Tidak pernah terbayang sebelumnya akan merasakan hidup di tengah pandemi. Pandemi akibat virus kecil yang membuat orang berkuasa sekalipun terkapar tak berdaya. Pandemi yang membuat negara adidaya morat-marit.
Sejak awal pandemi di Indonesia pada bulan Maret lalu, saya banyak sekali mengeluh dan misuh-misuh. Ah, kalau dibuat daftar pasti tidak akan ada habisnya. Banyak sekali kebijakan pemerintah yang membuat saya kecewa, belum lagi tindakan serampangan dan berita hoax yang marak menyebar di masyarakat. Hanya membuat gerah, stres dan sedih. Apalagi jika mengingat sanak saudara yang terdampak langsung oleh pandemi.
Padahal, sebenarnya saya tidak terdampak secara langsung, walaupun tetap merasakan efeknya di cashflow keluarga. Namun, tidak ada apa-apanya dibanding banyak orang lain yang kehilangan pekerjaan dan terkuras tabungannya. Tetap saja pandemi ini memengaruhi kesehatan mental kami sekeluarga.
Namun tentu saja banyak juga yang bisa dipelajari selama pandemi ini. Banyak berita baik dan aksi sosial yang juga membuat hati terenyuh. Kita semua dipaksa belajar di akademi pandemi. Namun berbagai hal baik yang terjadi selama pandemi membuktikan masih ada harapan, this too shall pass.
Di antara banyak hal yang saya syukuri dari pandemi ini adalah, banyak orang baik yang bersedia membagikan ilmu secara daring, baik gratis maupun berbayar. Ilmu jadi begitu mudah didapat. Bahkan kegiatan lomba, konferensi yang membutuhkan waktu berhari-hari dan membutuhkan banyak biaya pun jadi bisa dilakukan secara daring.
Hal ini merupakan angin segar bagi saya yang masih sulit pergi kemana-mana karena masih punya balita. Tak pernah terpikirkan sebelumnya bisa mengikuti lomba internasional dari rumah. Saya juga berkesempatan bekerja dari rumah dengan leluasa tanpa perlu tatap muka. Saya juga bisa menyaksikan sidang doktoral sahabat saya di Osaka. Bahkan pengajian rutin dengan teman-teman ngaji selama saya studi di Inggris pun bisa diwujudkan kembali saat pandemi ini. Pokoknya, akses untuk mencari ilmu dan mengaktualisasikan diri bagi para ibu rumah tangga semakin lebar, selama ada kemauan dan koneksi internet tentunya.
Tatap muka semakin sulit dilakukan, pertemuan virtual pun marak diwujudkan.
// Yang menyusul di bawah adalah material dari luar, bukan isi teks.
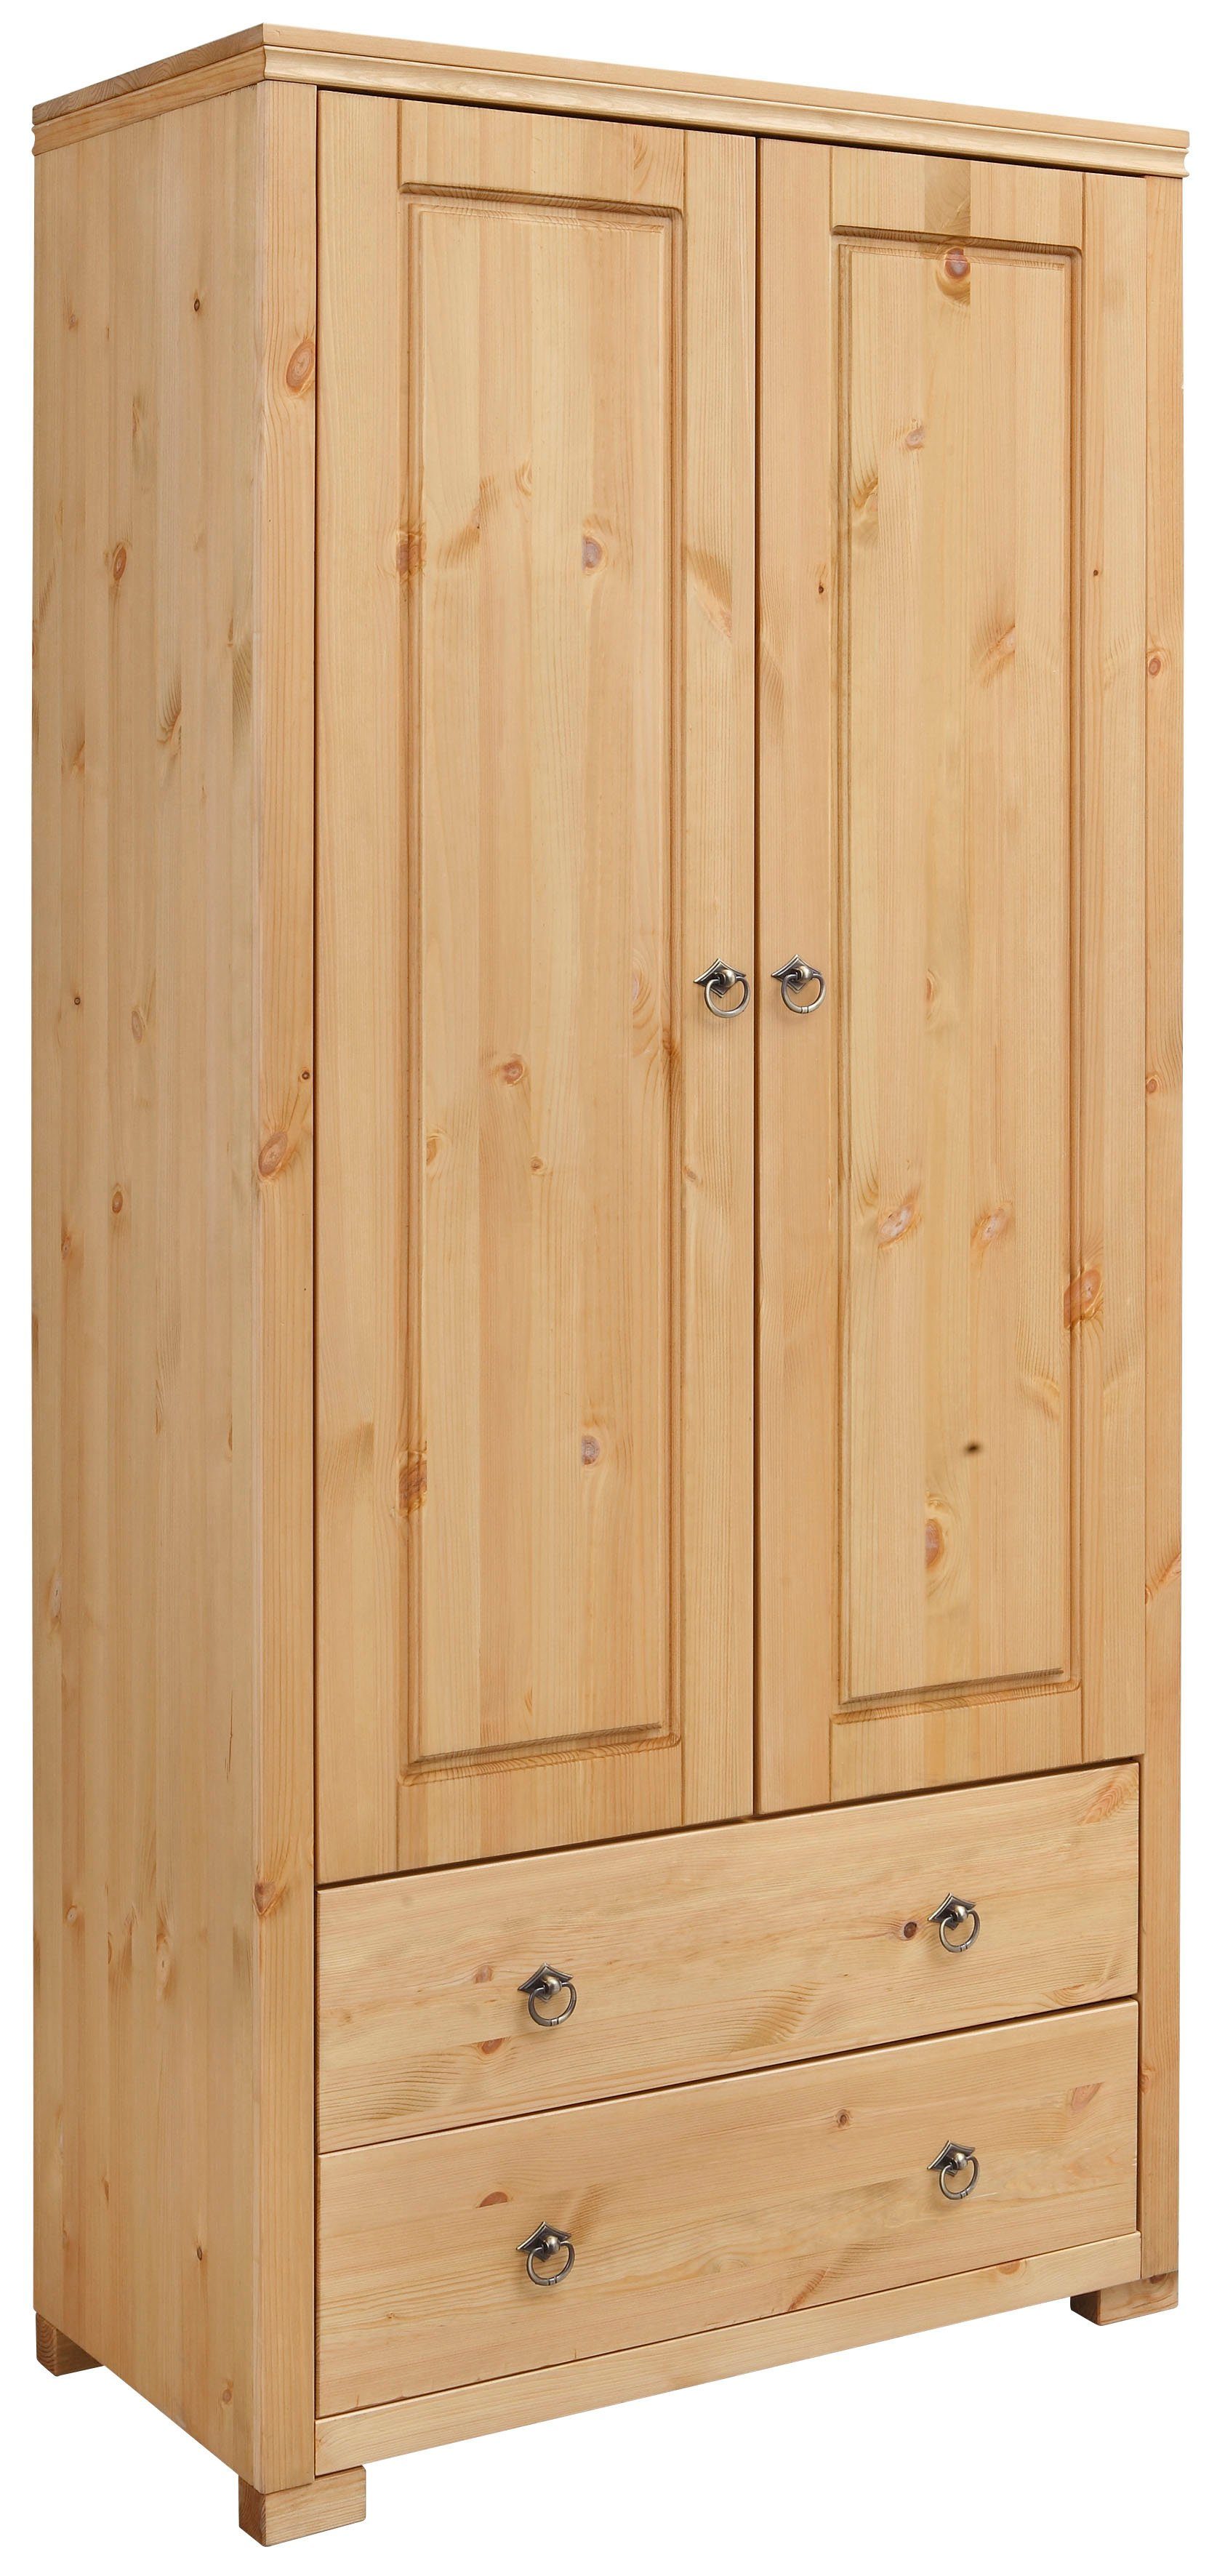 Home affaire Kledingkast Gotland Hoogte 178 cm, met houten deuren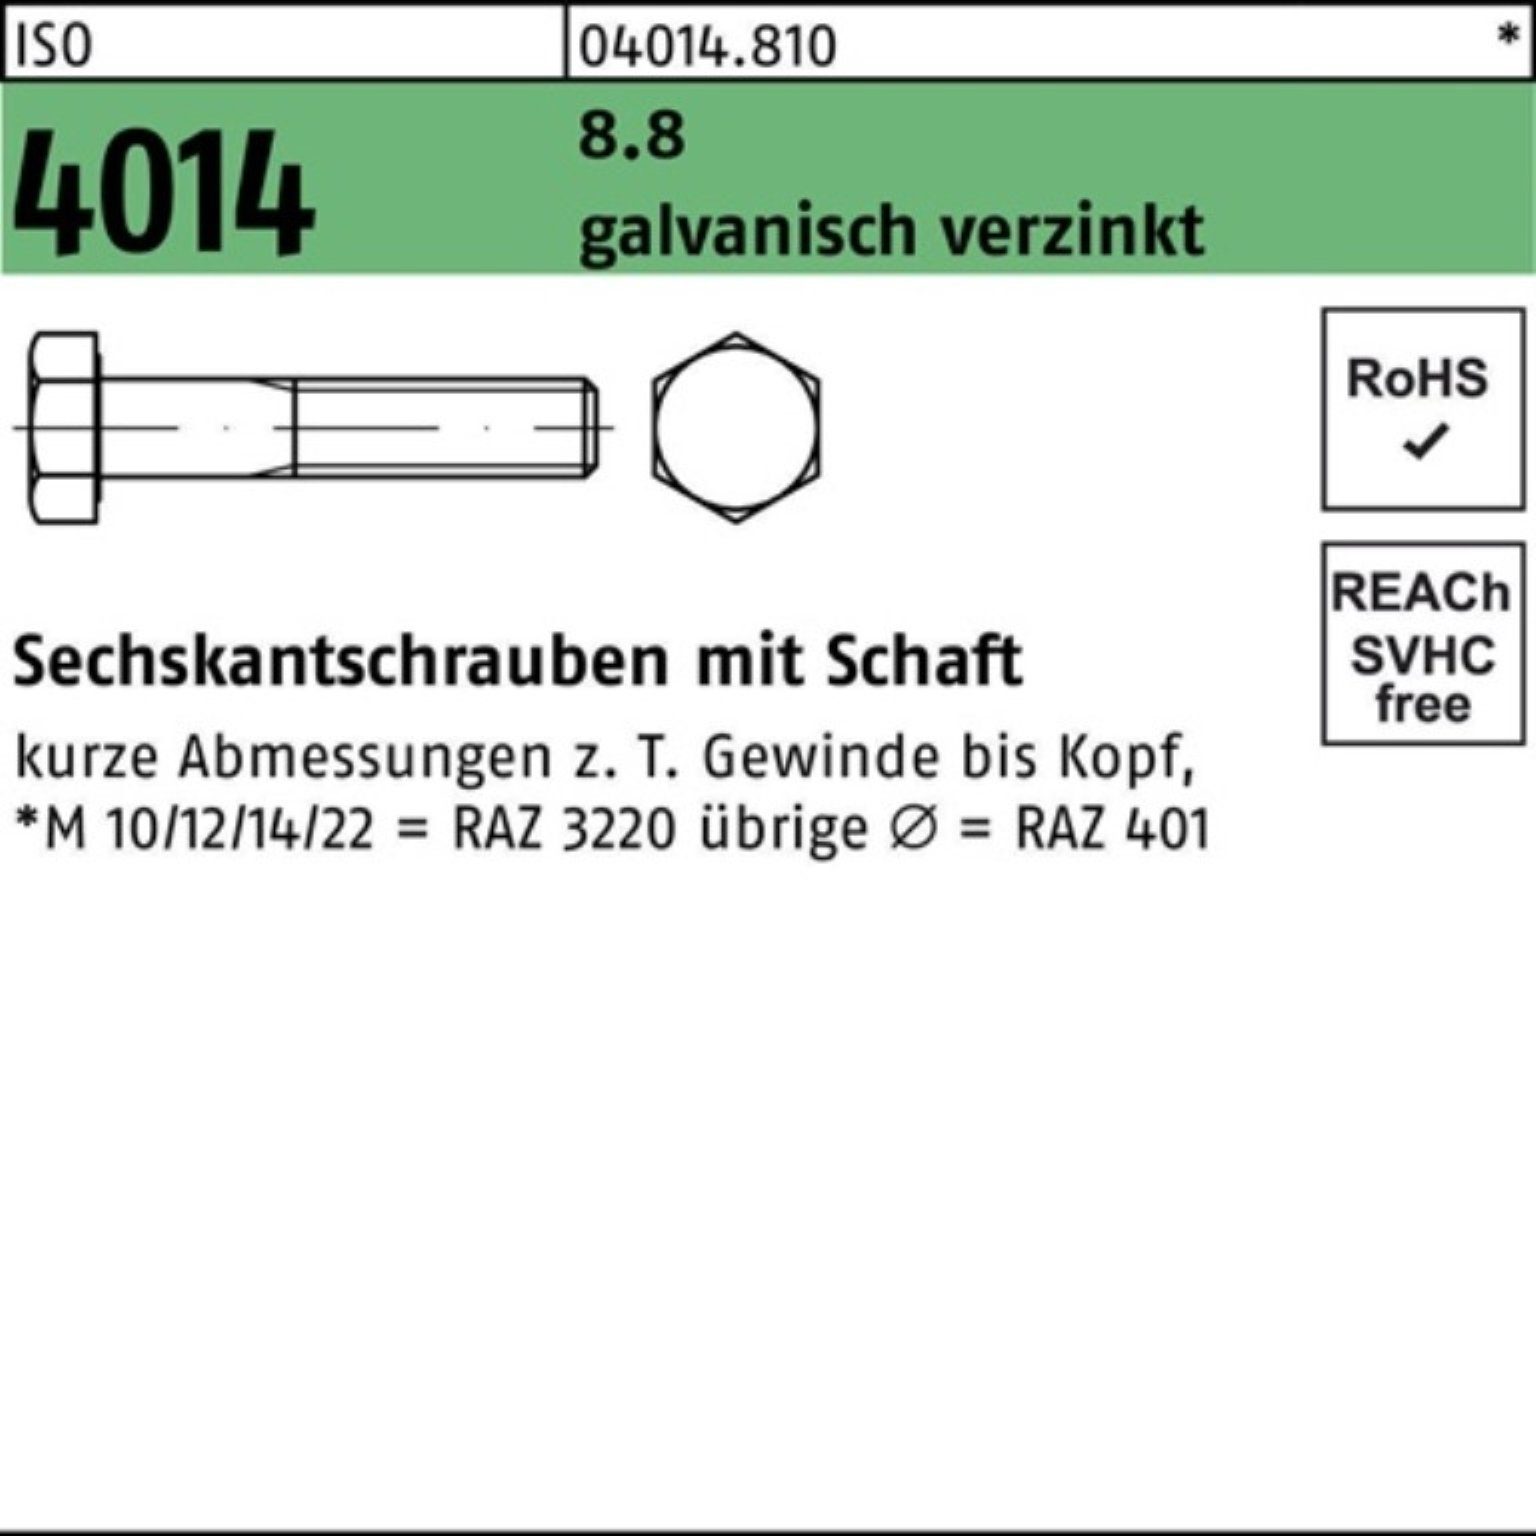 Bufab Sechskantschraube 200er Sechskantschraube galv.verz. 8.8 4014 M4x Pack Schaft 200 55 ISO

Silaturahmi makin erat terjalin karena rindu yang semakin menjadi. Pekerjaan juga bisa jadi lebih efisien, karena hal yang bisa disampaikan melalui email atau telepon, tidak perlu dibahas di rapat yang bertele-tele. Orang-orang juga menyadari ternyata banyak hal yang bisa dikerjakan dari rumah, tidak perlu bermacet-macet ke kantor.
Dari segi pendidikan formal tentu banyak mengalami tantangan. Ibu-ibu harus memutar otak bagaimana membimbing anak sekolah dan menyelesaikan pekerjaan rumah. Namun sisi terangnya, banyak orang tua jadi terlibat langsung dalam pendidikan anak dan akhirnya malah memilih homeschooling; menyusun kurikulum dan kegiatan pembelajaran sendiri dengan standar yang ditentukan sendiri sesuai minat dan bakat anak.
Banyak ibu-ibu yang juga \’terpaksa\’ makin mengasah kemampuan masak, karena suami dan anak-anak seharian di rumah jadi lebih sering minta dibuatkan berbagai variasi masakan serta camilan. Ada juga yang mengasah kemampuan lainnya karena memang sudah tuntutan agar dapur tetap mengepul. 😥
Kita semua bersama-sama belajar di akademi pandemi. Banyak yang tumbang tapi ada lebih banyak lagi yang bisa bertahan. Bertahan agar fisik, kreasi dan hati nurani tidak mati. Semoga semua selamat dan menjadi lebih kuat ketika semua ini sudah terlewati. Jangan lupa untuk menjaga kesehatan fisik dan mental, diri sendiri, keluarga dan lingkungan sekitar. We\’re all in this together. This too shall pass. InsyaAllah.